Neben den Regiogradables entwickeln wir gerade biologisch abbaubare Flaschen, Lebensmittelverpackungen und ein antimikrobielles Additiv – ebenfalls biobasiert und vollständig abbaubar.
Mit dem Blick in die Zukunft – wo sehen Sie BIOVOX in ein paar Jahren? Was ist die langfristige Vision und welche Herausforderungen müssen auf diesem Weg überwunden werden?
Wir wollen medizinische Implantate zur Behandlung von Knochenbrüchen aus einem eigenen, hochfesten Bio-Verbundwerkstoff entwickeln. Die könnten allein in Deutschland pro Jahr bis zu 180.000 Operationen überflüssig machen, weil sich der Kunststoff im Körper abbaut und die Implantate nicht wieder entnommen werden müssen.
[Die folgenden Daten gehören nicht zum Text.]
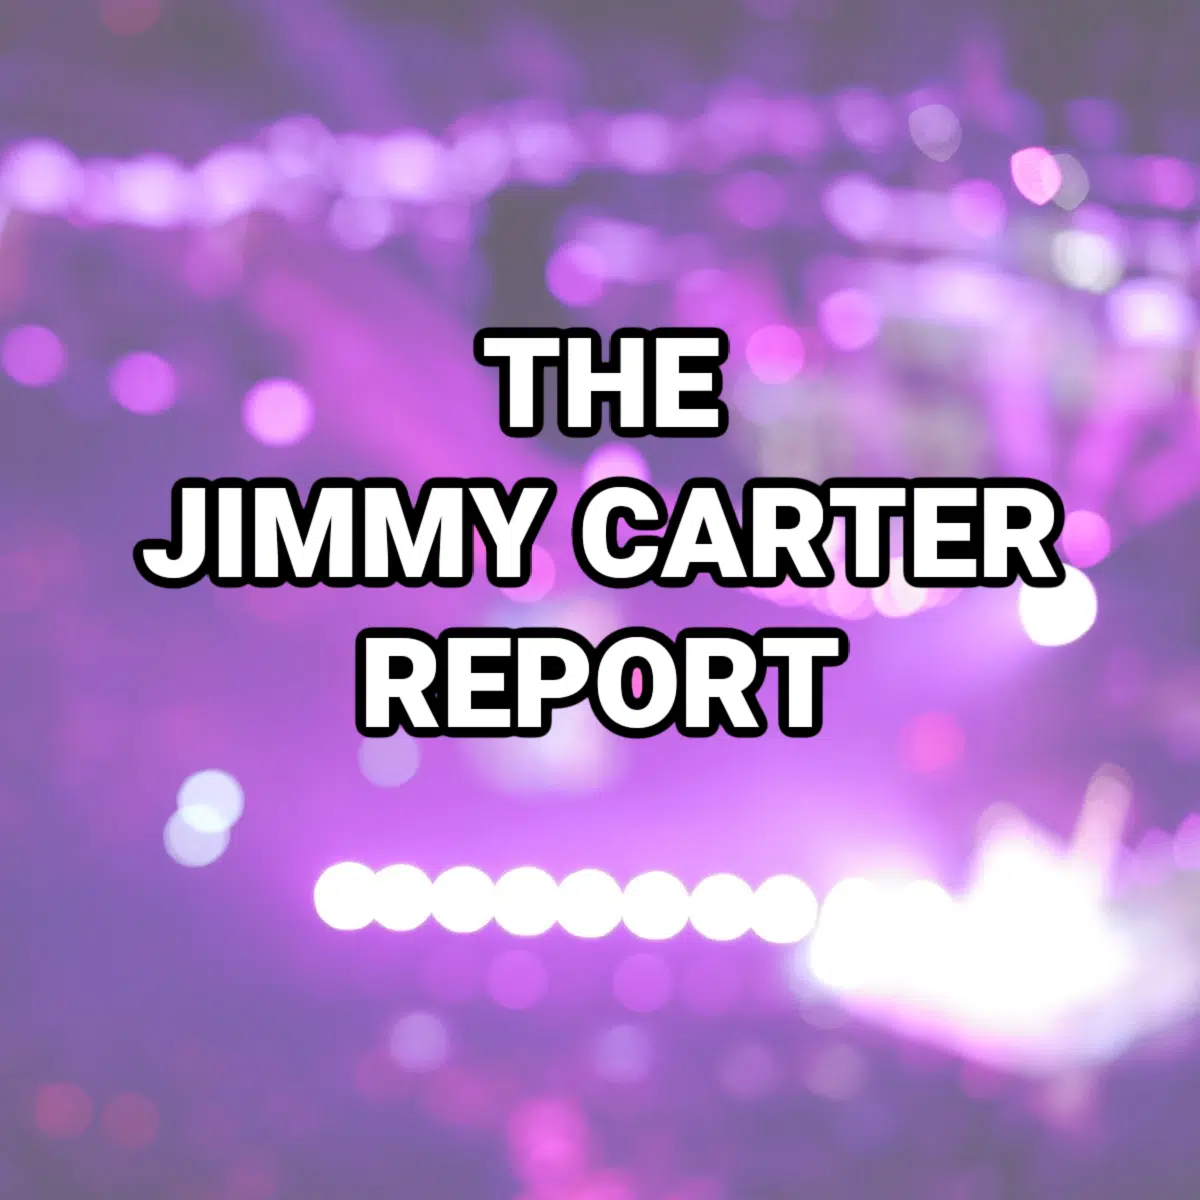 The Jimmy Carter Report April 6, 2022

Das reduziert medizinische Risiken und spart den Krankenkassen eine Menge Geld. Derzeit erproben wir die Materialien zusammen mit einer Uniklinik. Bis zum fertigen Implantat haben wir aber noch ein gutes Stück Weg vor uns, für das wir erfahrene Partner suchen.
Carmen Rommel hat Maschinenbau mit Fokus auf umweltfreundliche Produktenwicklung und Produktion an der TU Darmstadt studiert. Sie ist Co-Gründerin und bei BIOVOX für das Supply-Chain-Management, Qualitätsmanagement und Nachhaltigkeit verantwortlich.